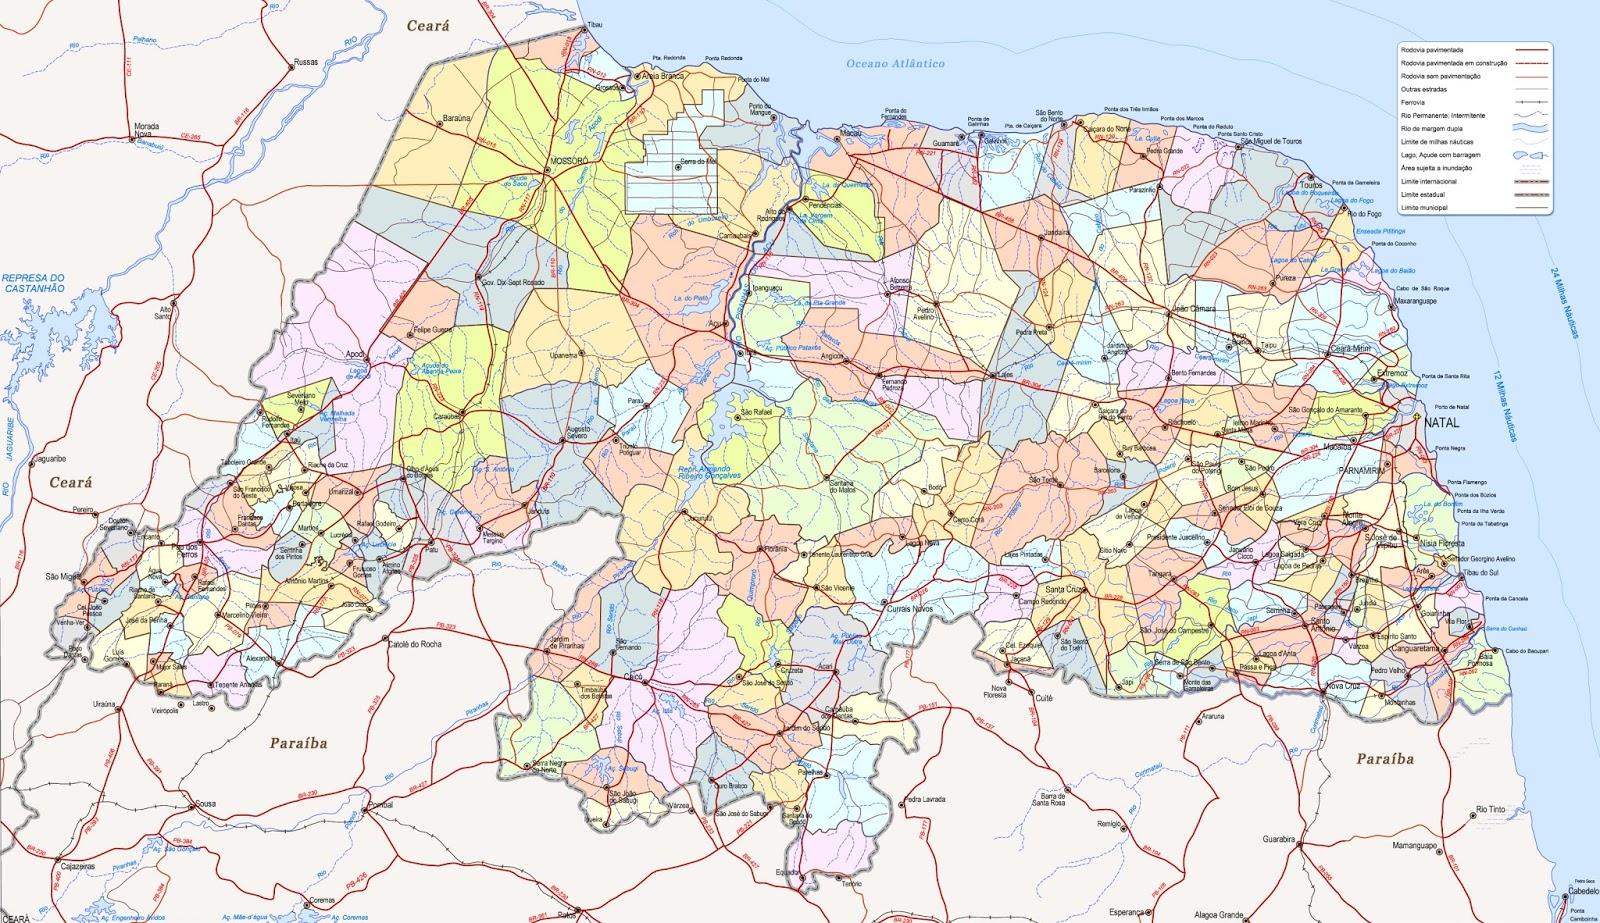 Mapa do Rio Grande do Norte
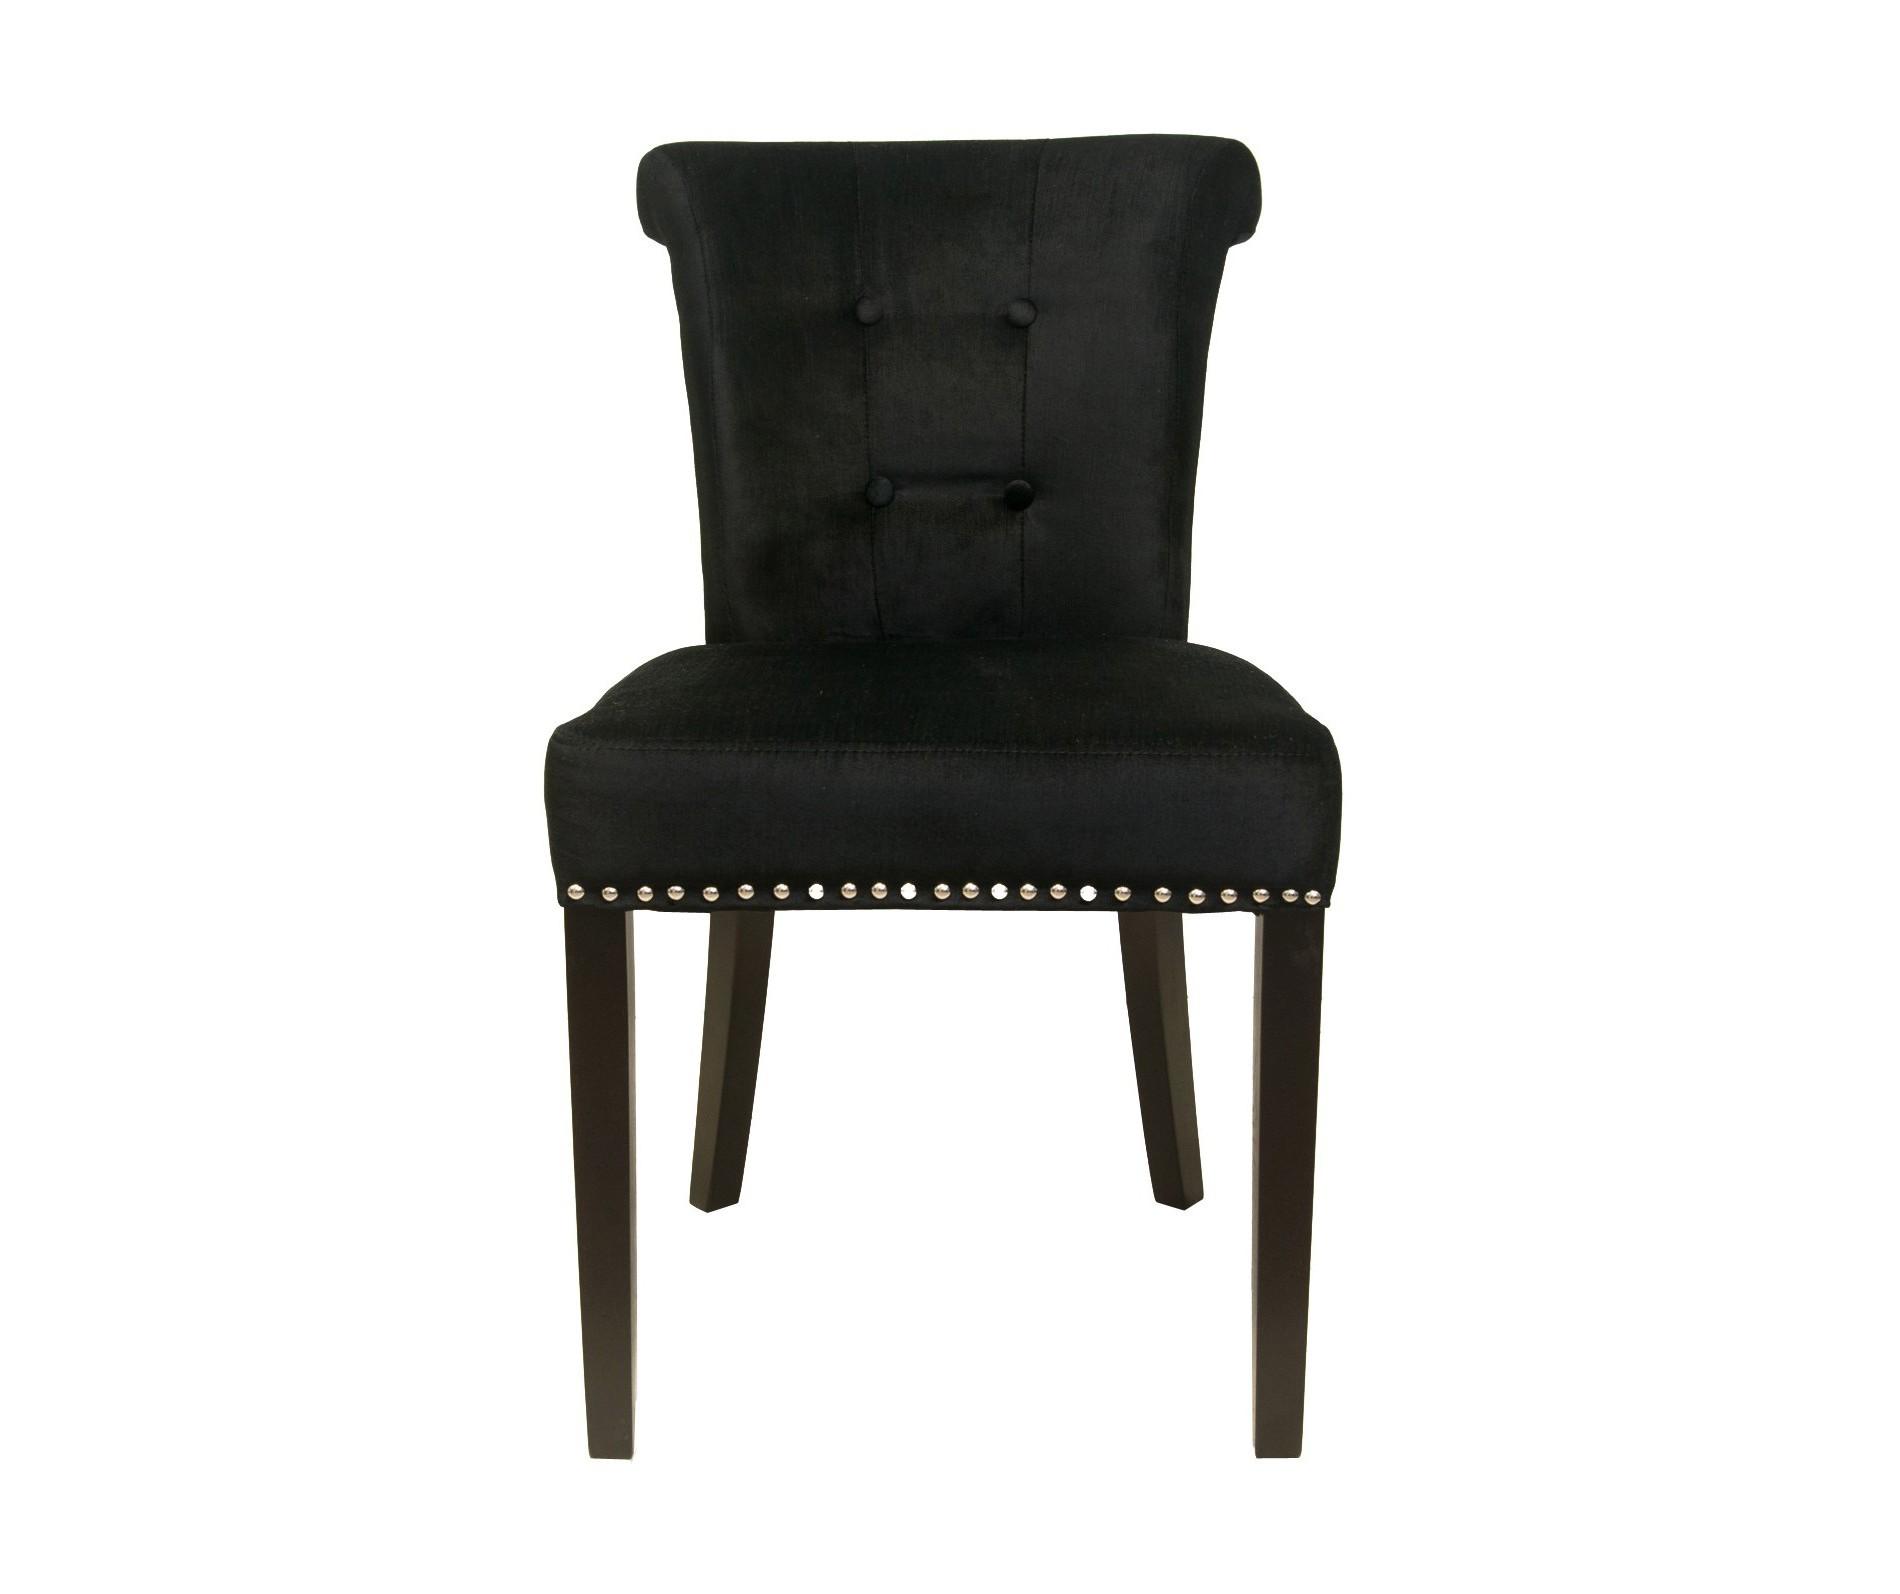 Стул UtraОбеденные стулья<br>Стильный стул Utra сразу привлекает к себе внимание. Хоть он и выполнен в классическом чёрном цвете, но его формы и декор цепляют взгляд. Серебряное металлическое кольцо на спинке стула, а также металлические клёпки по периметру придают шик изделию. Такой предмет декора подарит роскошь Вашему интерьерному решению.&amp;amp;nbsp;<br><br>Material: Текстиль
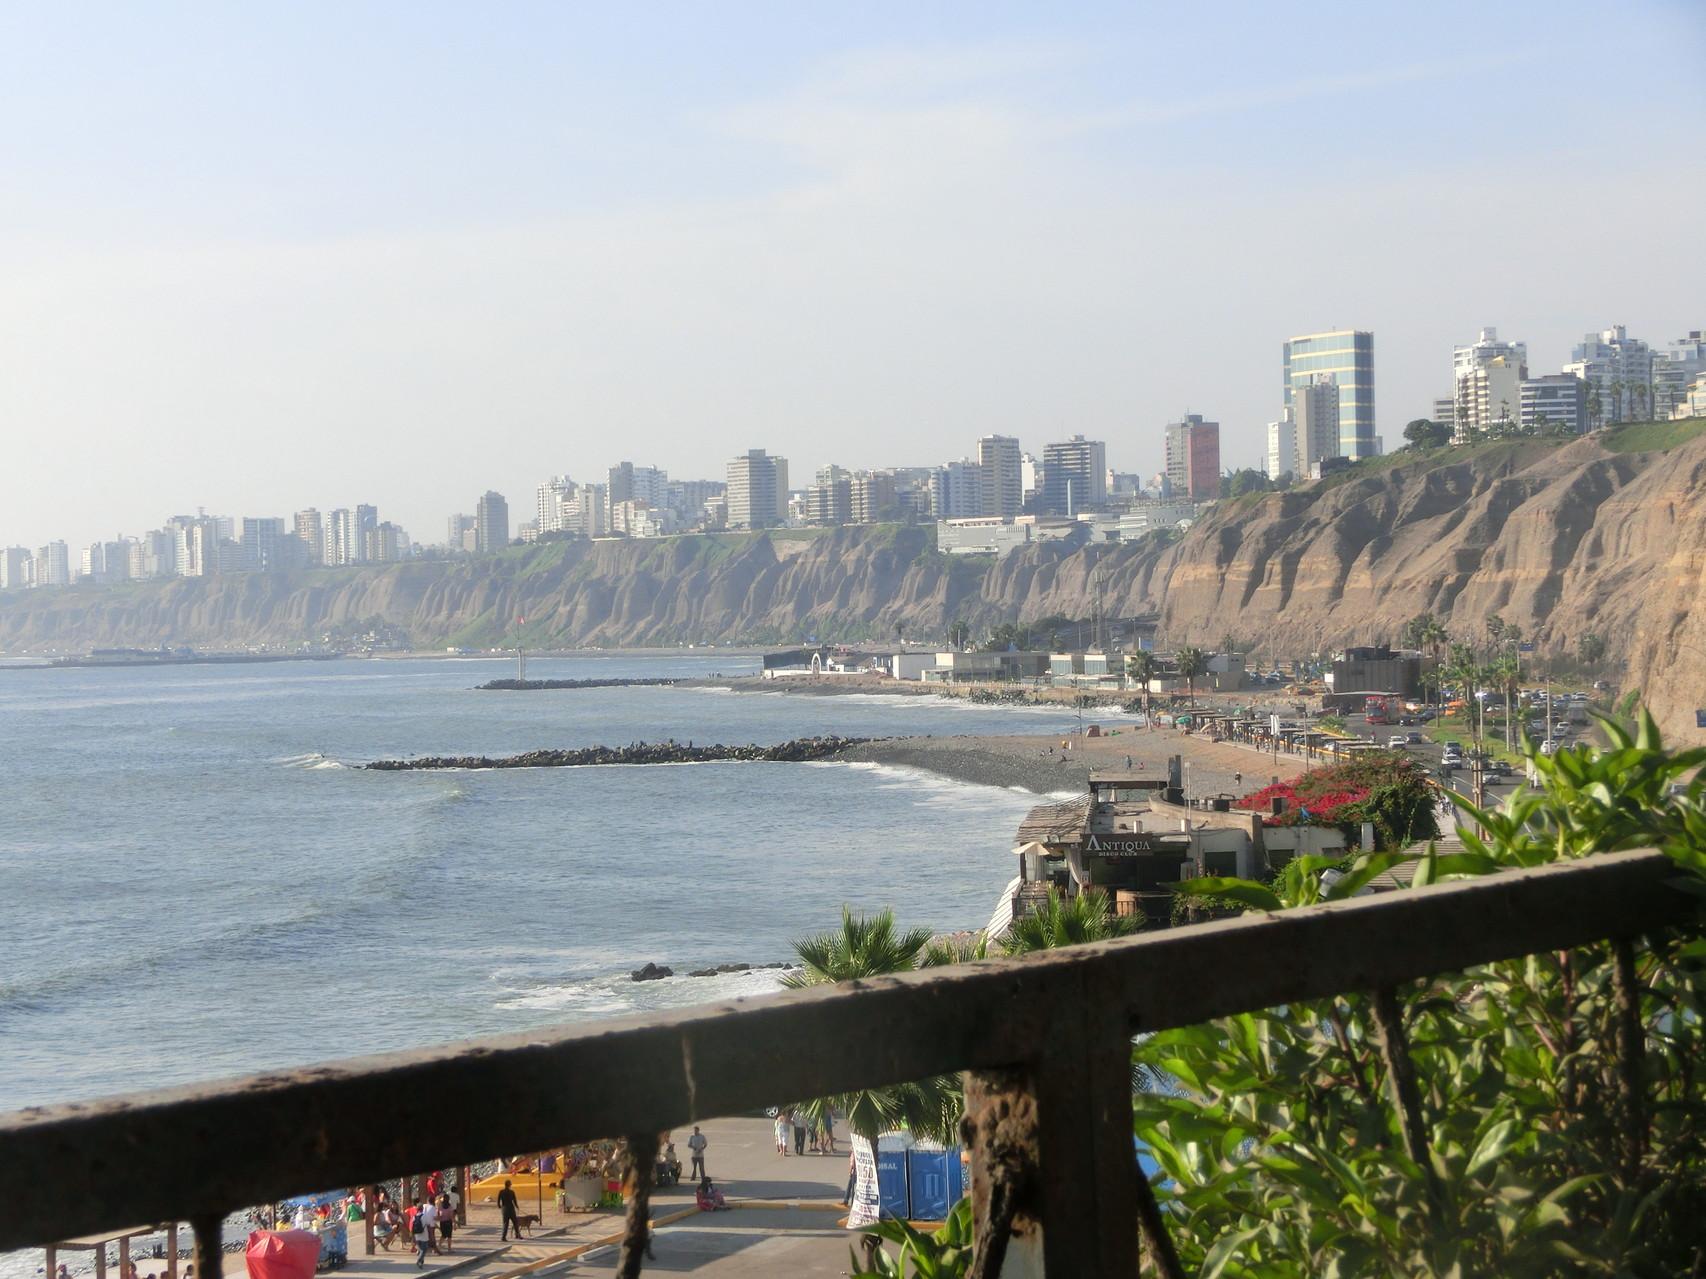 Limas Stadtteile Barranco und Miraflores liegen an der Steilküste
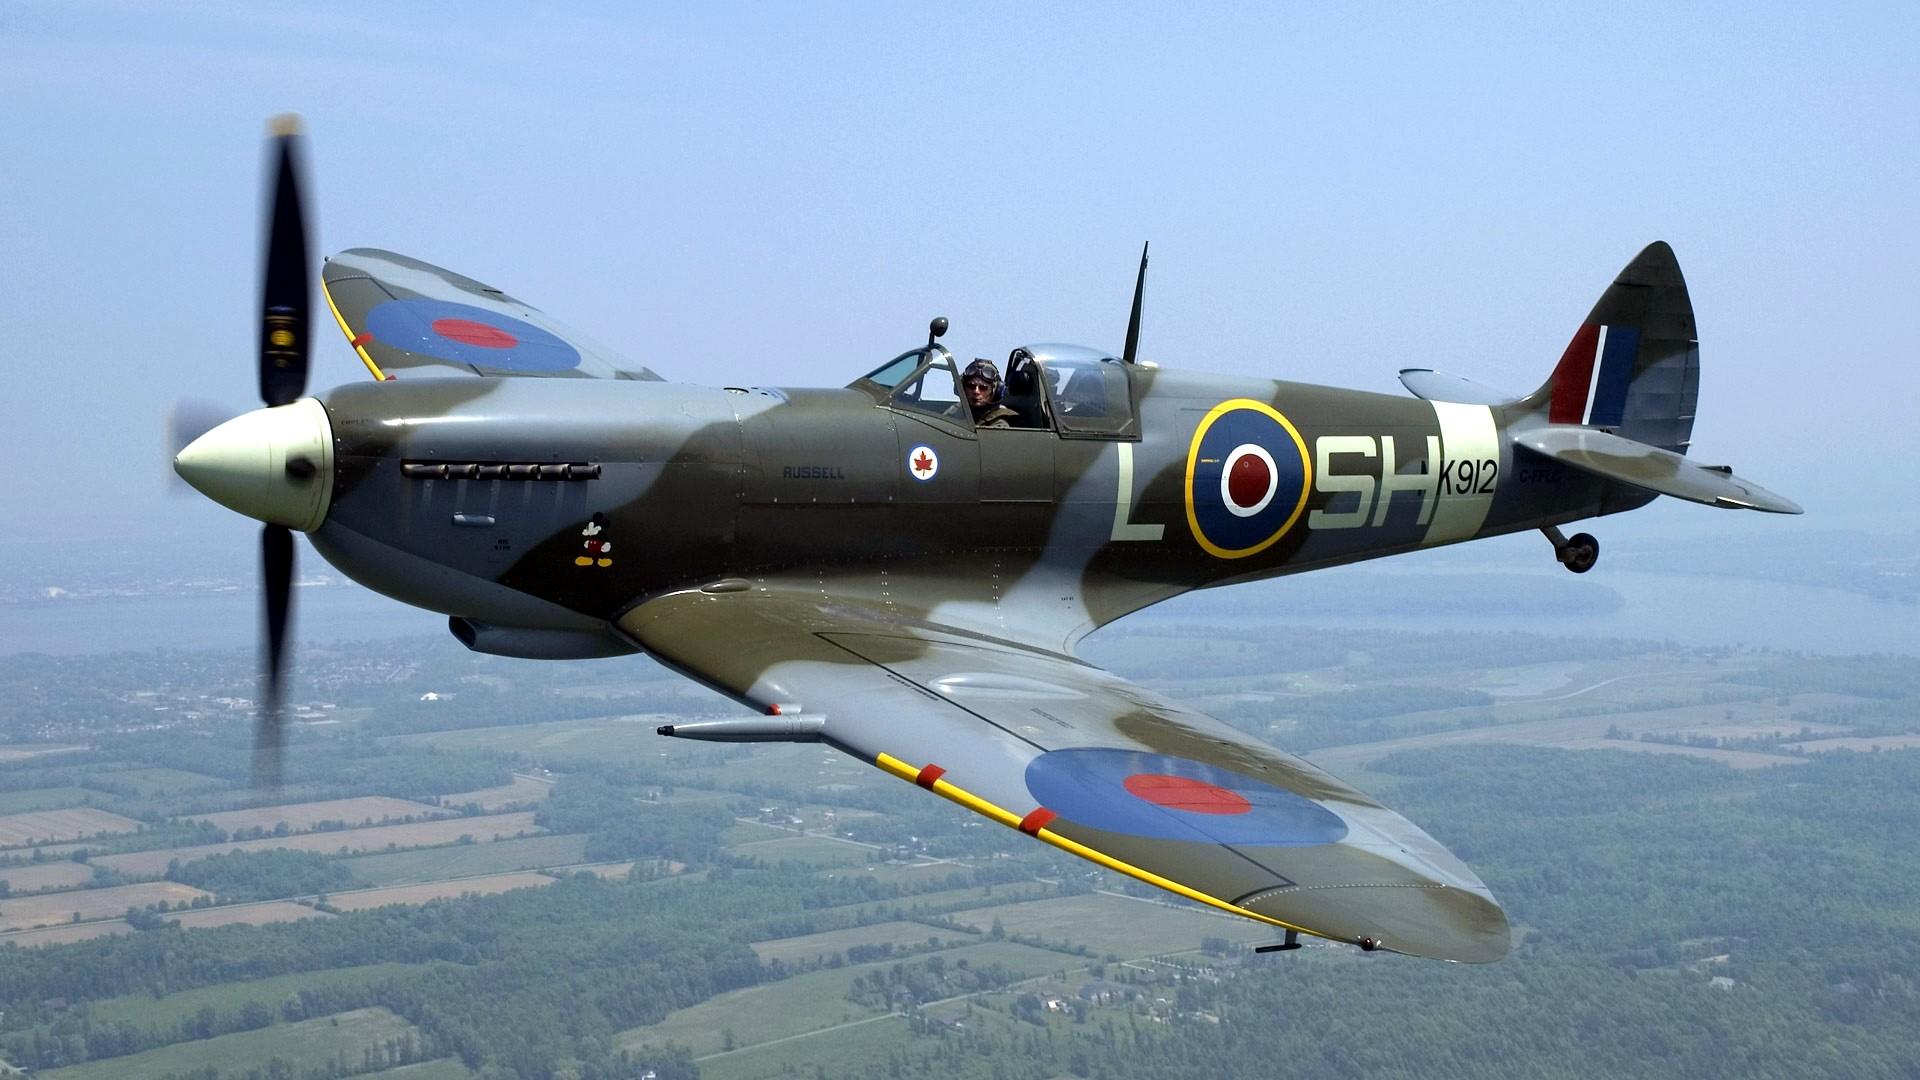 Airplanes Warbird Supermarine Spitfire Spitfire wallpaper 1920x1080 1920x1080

● ● ● ● ● ● ●

ASSIGNED TASK | Pictures are to be omitted from the copy. Reproduce exactly, and only, the lines from the one containing "Стул UtraОбеденные стулья<br>Стильный" to the end of the listing above.

WRITTEN ANSWER |
 Стул UtraОбеденные стулья<br>Стильный стул Utra сразу привлекает к себе внимание. Хоть он и выполнен в классическом чёрном цвете, но его формы и декор цепляют взгляд. Серебряное металлическое кольцо на спинке стула, а также металлические клёпки по периметру придают шик изделию. Такой предмет декора подарит роскошь Вашему интерьерному решению.&amp;amp;nbsp;<br><br>Material: Текстиль
 Limas Stadtteile Barranco und Miraflores liegen an der Steilküste
 Airplanes Warbird Supermarine Spitfire Spitfire wallpaper 1920x1080 1920x1080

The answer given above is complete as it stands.